第95章 王爷眼睛不好
难道要告诉她,自己是因为她执意去救凤煜珹而气闷,故意派凌风去给崇王府添堵,才导致护卫空档,给了刺客可乘之机?
这理由,他自己都觉得幼稚且难以启齿。
他轻咳一声,语气尽量平稳:“事发之前,本王交代他去办点别的事。”他顿了顿,又补充道,“一些……私事。”
见他明显不欲多谈,方洛也就识趣地不再追问。
凌风和凌肃原本就是凤夜玄的属下,虽然他们对自己也足够忠心,但凤夜玄刚苏醒,从前的势力不复存在,身边的人手不够,如今正是用人之际,他们的护卫,还是太少了。
方洛揉了揉眉心,看来她是时候再买些人回来了。
凤夜玄见她没再追问,暗自松了口气,却也敏锐地察觉到她眼中一闪而过的思虑。
她在想什么?是怪他护卫不周?还是……起了别的心思?
两人各怀心事,一时沉默。
“王爷,王妃!”
没过多久,山洞外传来凌风凌肃的喊声。
两人相互扶持着走出山洞,直到晌午时,才回到离王府。
凤夜玄伤得不重,但奔波了一路,精神有些虚弱,方洛将他安置好后,回到自己房中。
她将压下枕头下的和离书拿出来,看着上面苍劲有力的签名,暗自叹了口气。
凤夜玄又受伤了,看来她又要等上些时日,才能离开了。
“王妃。
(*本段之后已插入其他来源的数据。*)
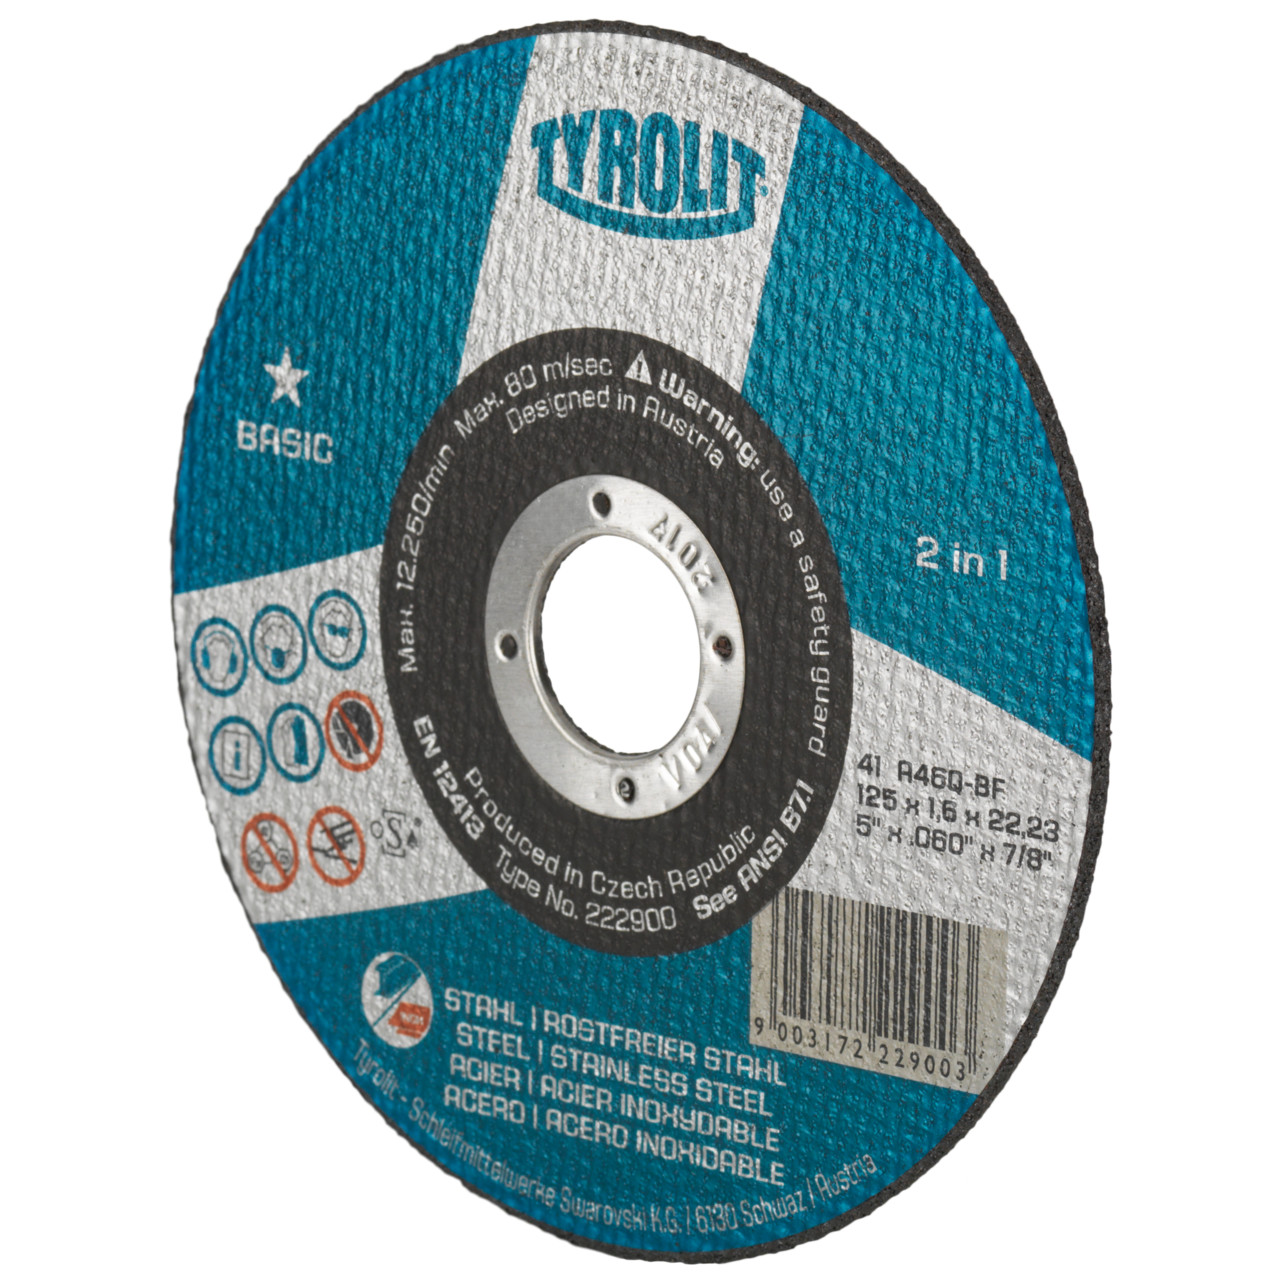 TYROLIT cut-off wheels DxDxH 178x2.5x22.23 2in1 for steel and stainless steel, shape: 41 - straight version, Art. 250165
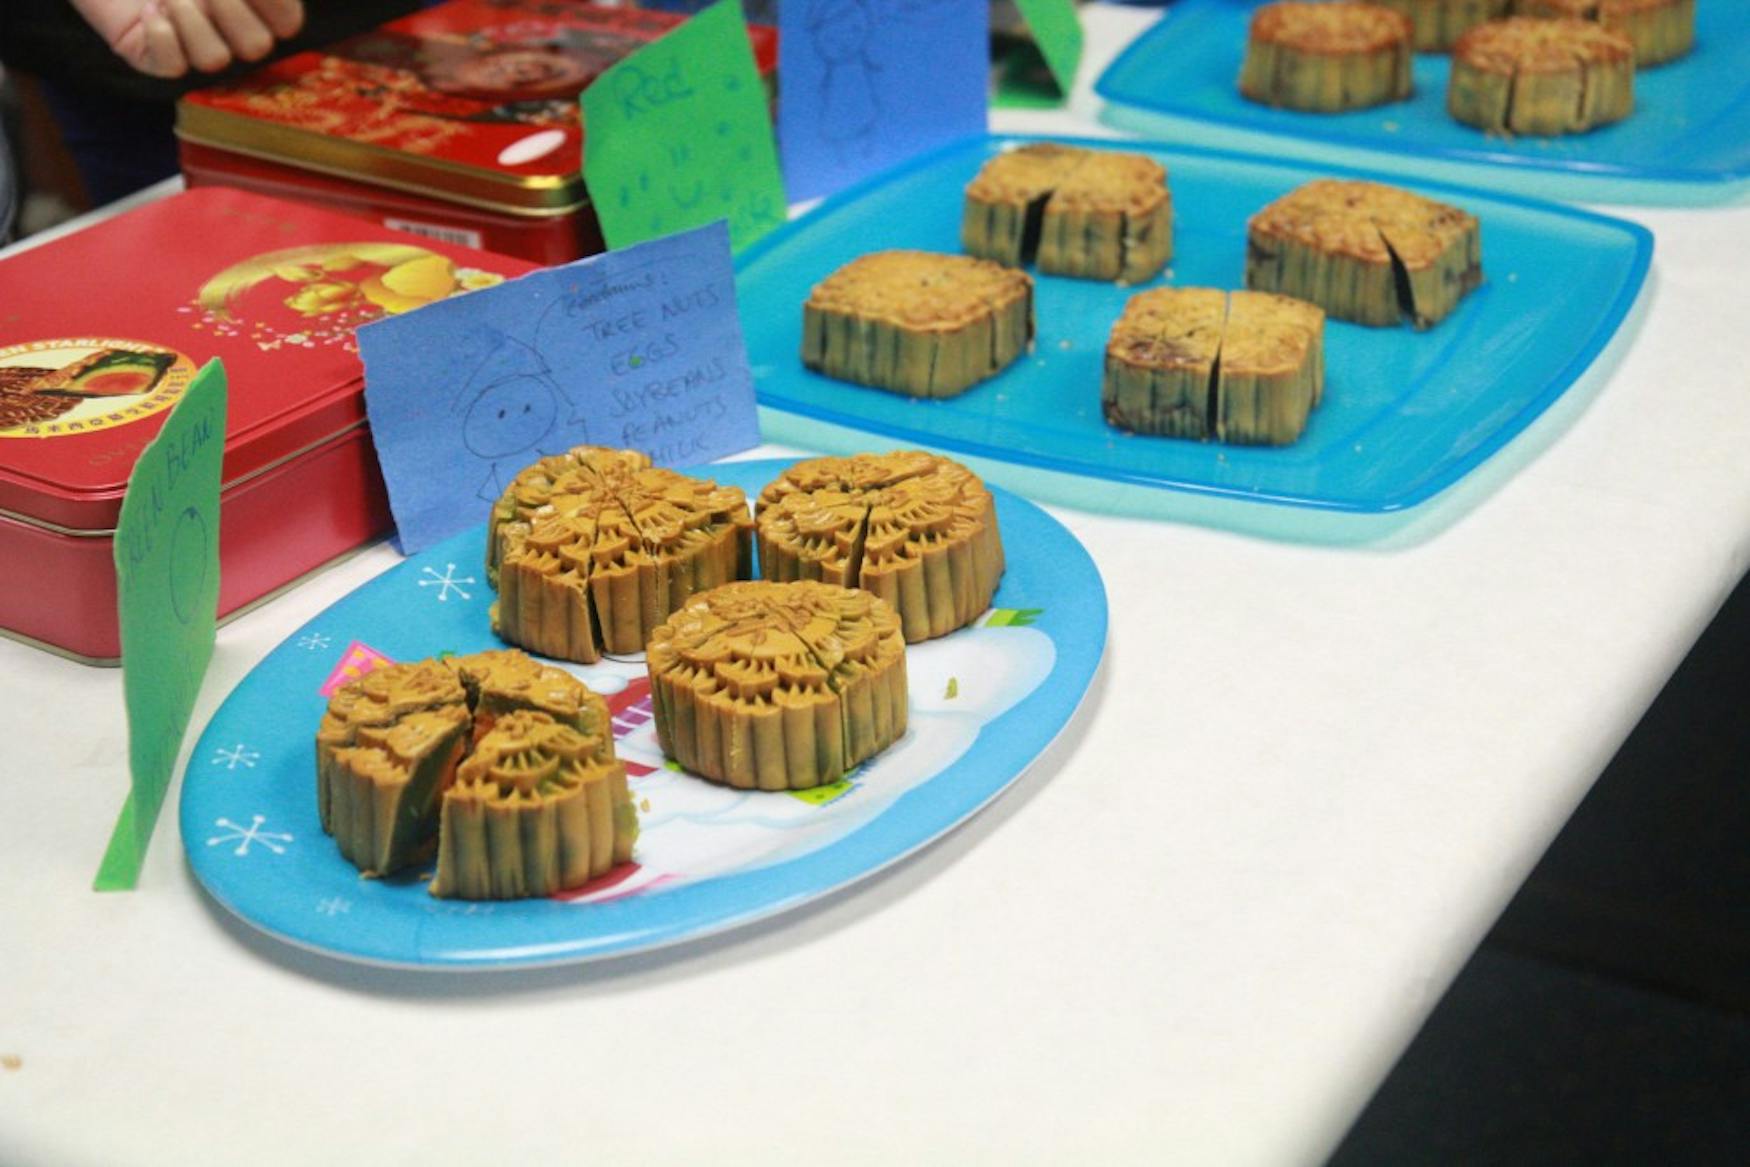 MOON MUNCHINGS: The event provided traditional mooncakes from Waltham restaurant, Tom Can Cook, for attendants to sample.

”岁檀练习完一套鞭法,从外面走了进来,经过这些时日的刻苦练习,岁檀的鞭法越发精湛。
方洛收起和离书,朝她看去,岁檀看起来瘦了些,但不是消瘦,看起来格外有精神,尤其是那双眼睛,不再怯懦,亮亮的闪着光。
方洛满意的点了点头,目光下移,落在那条有些爆皮的鞭子上。
这条鞭子是她买来给岁檀练习用的,如今岁檀练习的差不多了,也该换一件趁手的武器了。
岁檀擦去额头的汗,下意识看向被方洛藏起来的纸,眉头微不可查的皱了一下。
那日给主子收拾床铺时,她无意间发现那张纸竟是和离书。
她不由为主子担心起来,难道王爷看不上主子吗?他也和京中那些人一样,嫌弃主子粗鄙丑陋?
岁檀心里很不舒服,替主子委屈。
她家姑娘心地善良,脸上的青斑几乎浅到看不见了,为何……京城里关于主子的流言,还是那么多?
岁檀定了定心神,责怪凤夜玄眼睛不好,随即又下定决心,若是主子要离开王府,她一定要紧紧跟随主子,绝不会让她受一点委屈!
“怎么了?”察觉到岁檀微变的情绪,方洛皱眉问道,“可是昨夜在崇王府受了欺负?”
听了这话,岁檀连忙摇头,“没,奴婢只是有些累了,昨夜也奇怪……也不知是不是崇王殿下作恶太多,府里一直不太平,守夜的侍卫声称是见了鬼,嚎叫了几个时辰……”
方洛闻言,眉头微皱,她自然不信怪力乱神之事,但岁檀方才提起的那些怪事,的确有些奇怪。
几日后,一顶不起眼的轿子停在了离王府角门,吕卿儒悄悄入了府。
她没去拜见凤夜玄,轻车熟路的找到方洛的院子,推门走了进去。
吕卿儒今日穿了件浅色长衫,步伐不似之前那般虚浮,气色也比上次好了许多。
她很欣喜自己的变化,朝着方洛行礼时,言语间尽是感激。
方洛替她诊脉后,也轻笑一声:“你的身体保养的很好,恢复起来应该很快,再来上两个月,就能来癸水了。”
听了这话,吕卿儒眼中闪过一丝惊喜,她是个端庄的姑娘,内心即使很激动,面上却仍保持平静,只是她手中的帕子,被紧紧攥着,皱得不成样子,暴露了此刻的心情。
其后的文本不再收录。